◆ **INSTRUCTIONS FOR THE TASK**: Below are the records; copy exactly the stretch from the line containing "Katana Collectibles Protector" through the line containing "Biomechanical properties of", both ends included, and nothing else.
------ RECORDS PROVIDED
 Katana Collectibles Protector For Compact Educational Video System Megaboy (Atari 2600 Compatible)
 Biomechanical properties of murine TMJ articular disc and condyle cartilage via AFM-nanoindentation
------------
------ RECORDS PROVIDED
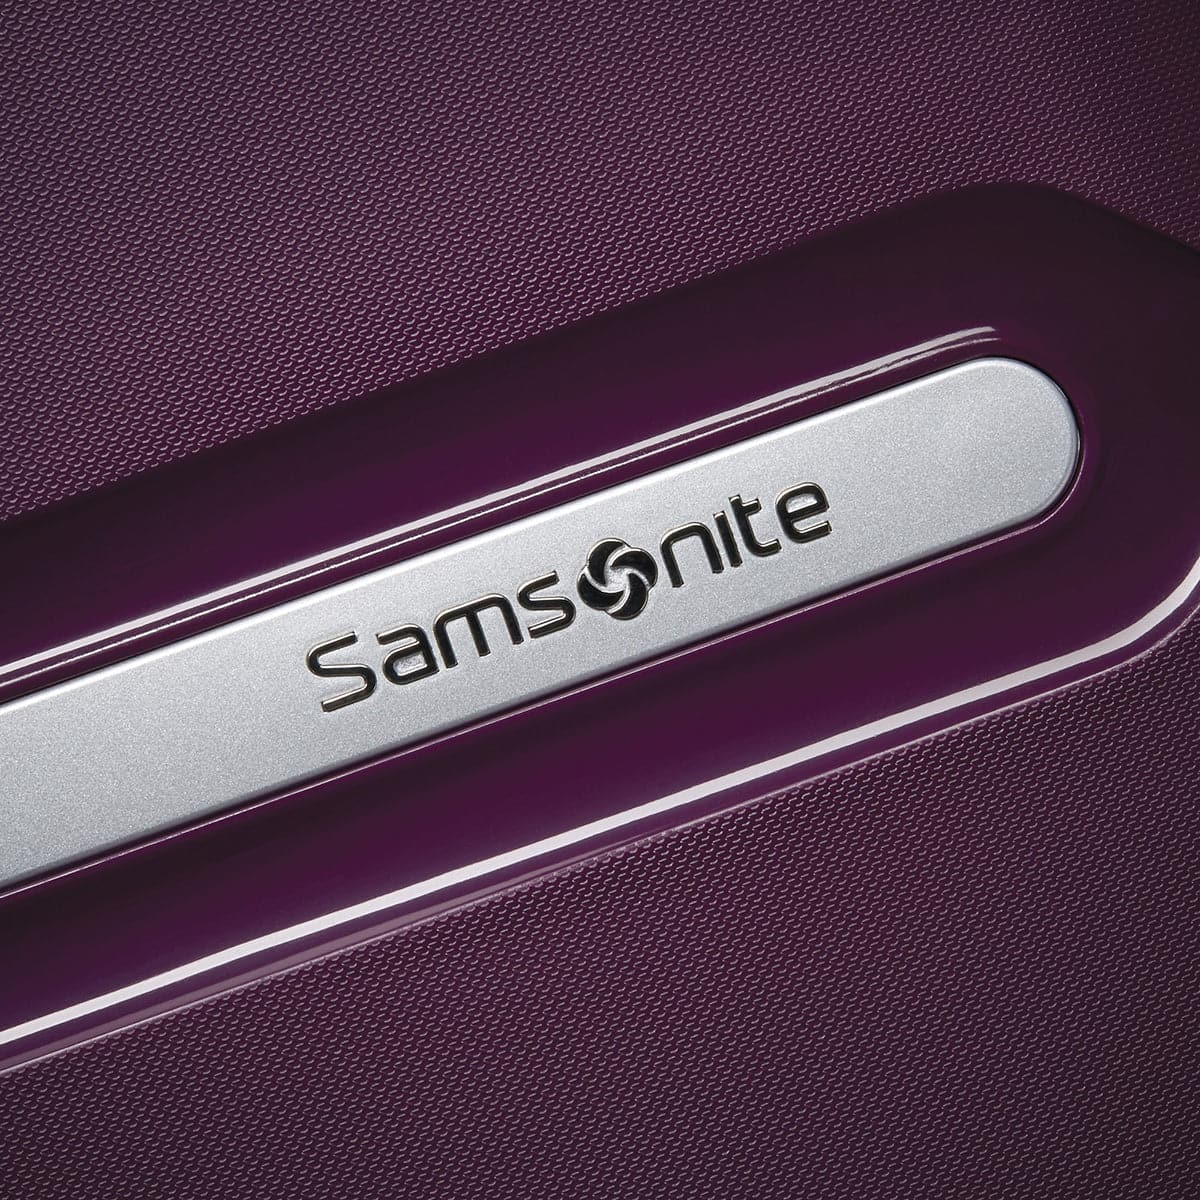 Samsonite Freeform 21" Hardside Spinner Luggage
------------
------ RECORDS PROVIDED
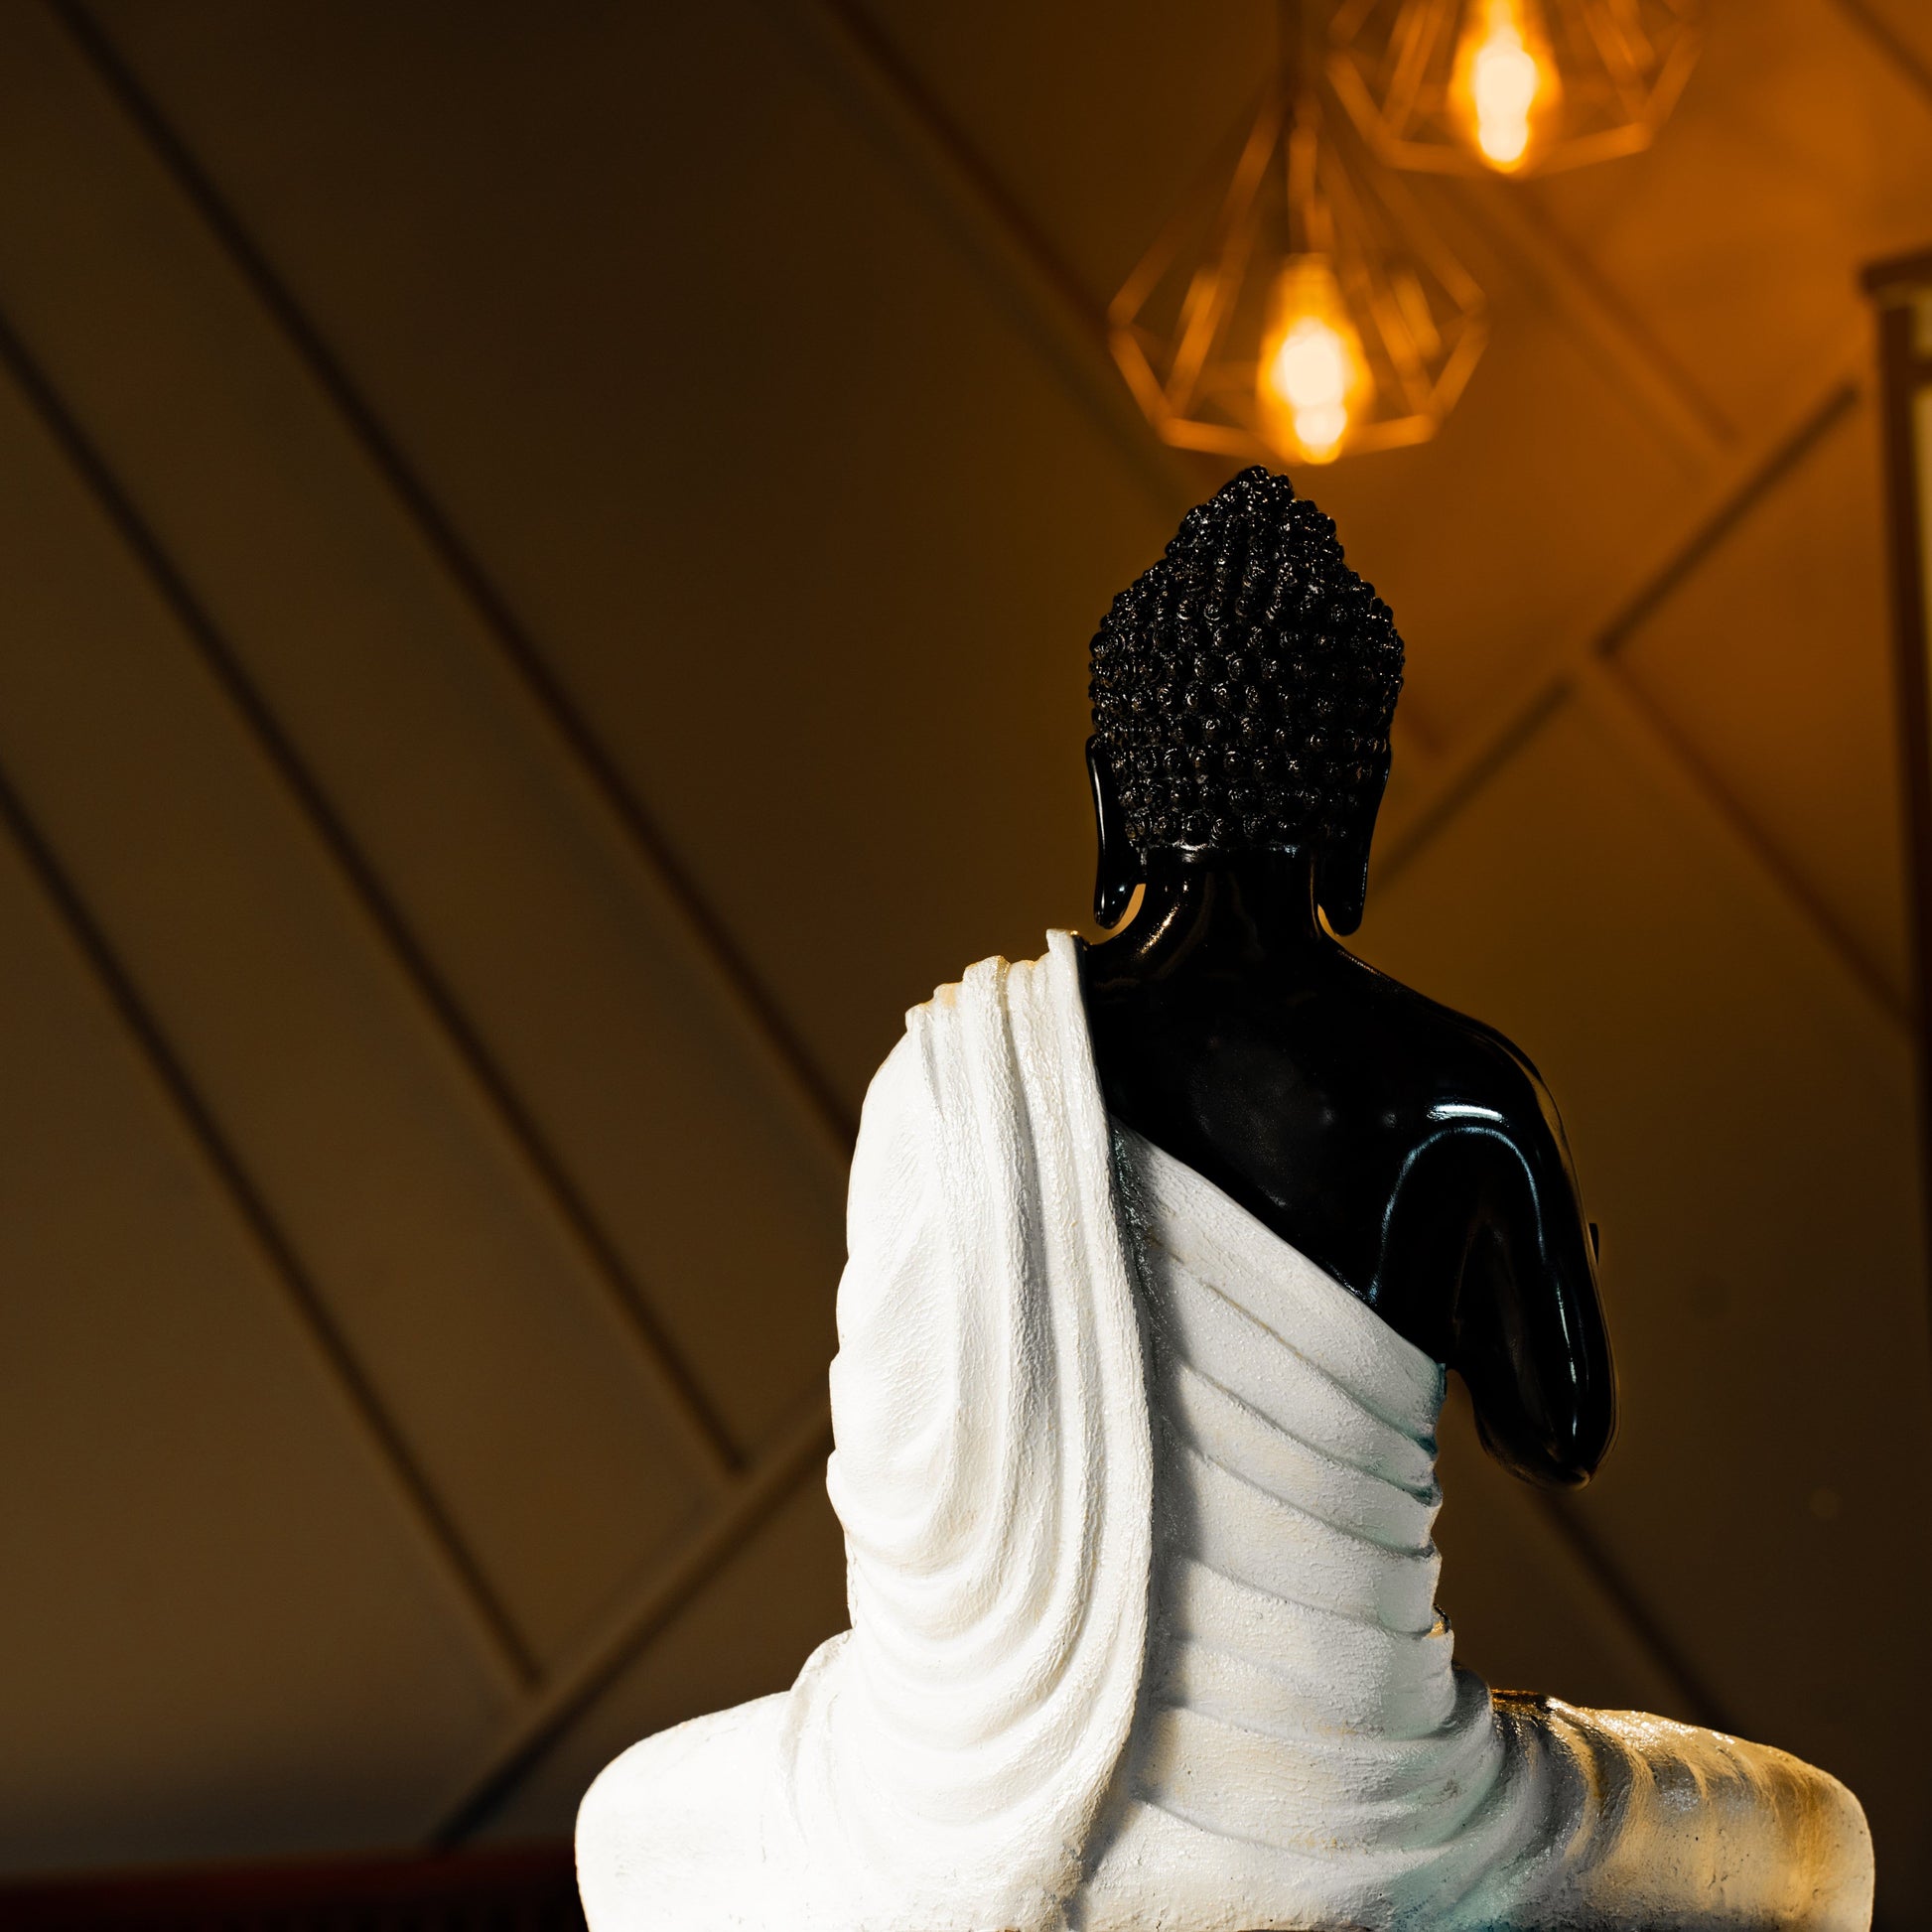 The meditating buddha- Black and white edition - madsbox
------------
◆ **SOLUTION TO THIS EXERCISE**:
 Katana Collectibles Protector For Compact Educational Video System Megaboy (Atari 2600 Compatible)
 Biomechanical properties of murine TMJ articular disc and condyle cartilage via AFM-nanoindentation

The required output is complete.